While the analysis is developed with broader TDOF systems in mind, we demonstrate that it is also relevant for applications. It is applied to a model of inclined vibro-impact energy harvesting (VI-EH) device, where the energy is generated by the variable capacitance principle via impacts of the ball with a dielectric polymer on the capsule ends. The desire for new sustainable and renewable power technologies as alternatives to conventional batteries has generated strong interest in energy harvesting, usually characterized by energy scavenging from vibrations occurring in manmade machines and structures. As is typical for an energy harvesting system, the VI-EH system considered here includes both a mechanical system to absorb the energy of vibrations, and a transduction mechanism to convert it to electrical energy. The saturation of ideas in the linear theory of energy harvesting, i.e., using linear mechanical and electrical systems, has shifted the focus of scientists to nonlinear systems, exploiting their relatively broad bandwidth that allows efficient energy absorption over a wide range of the excitation frequency. VI systems, as a class of strongly nonlinear system, can provide this preferred wide bandwidth once the mass is engaged in the vibro-impact regime.

Table 2 The output voltage calculation of the VI-EH device through the membrane deformation upon impact from [51]

The competition between the different bifurcations and their ghosts influences the parameter ranges for favorable energy output of the VI-EH. The analyses of the bifurcation sequences provide their parametric dependencies, indicating the types of transitions that are more likely for given parameter combinations. For small restitution coefficients r and small inclined angle \(\beta \), first- order grazing bifurcations dominate the lower-order transitions, i.e., with a small number of impacts per forcing period being increased by one with a small relative impact velocity.

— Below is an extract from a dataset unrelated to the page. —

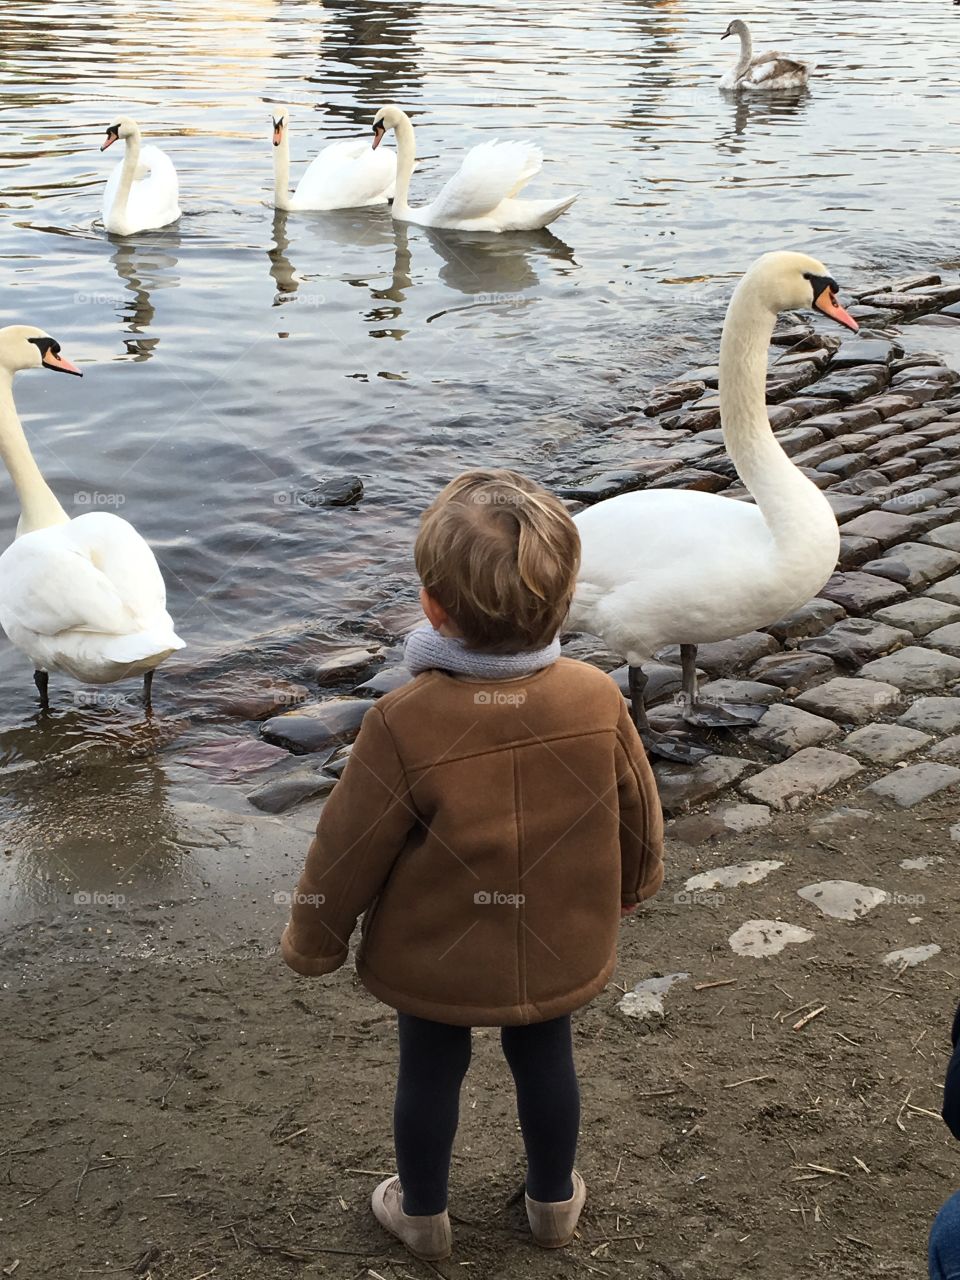 A kid and swans

Then we observe jumps in the energy output, increasing for output averaged over time, and decreasing for output averaged per impact. In contrast, for larger values of r and \(\beta \), sequences of period doubling bifurcations are more prevalent, which can result in aperiodic or chaotic dynamics. In that case the change in energy output is more gradual during these sequences, but there are still opportunities for complex grazing-type transitions which can generate additional impacts per period with small relative impact velocities. Then the ghost grazing bifurcation gives a lower bound on these transitions, grazing period doubled solutions \(P\!D_G\) and transient grazing TG, at which there are abrupt changes in energy output. These transitions are often affiliated with fold bifurcations, near which there is the potential for bi-stability of behaviors with different energy outputs. By capturing the different sequences of various types of bifurcations, the analysis provides direction on how to avoid undesirable behavior that may occur via grazing or period doubling.

In addition to the valuable insights provided by this analysis, it also indicates several areas of future study that are needed, related to bi-stability, global stability analyses, and aperiodic behavior. Furthermore, given the important role of the restitution coefficient, the results point to the need for more realistic models that take into account interactions of the ball with the membrane.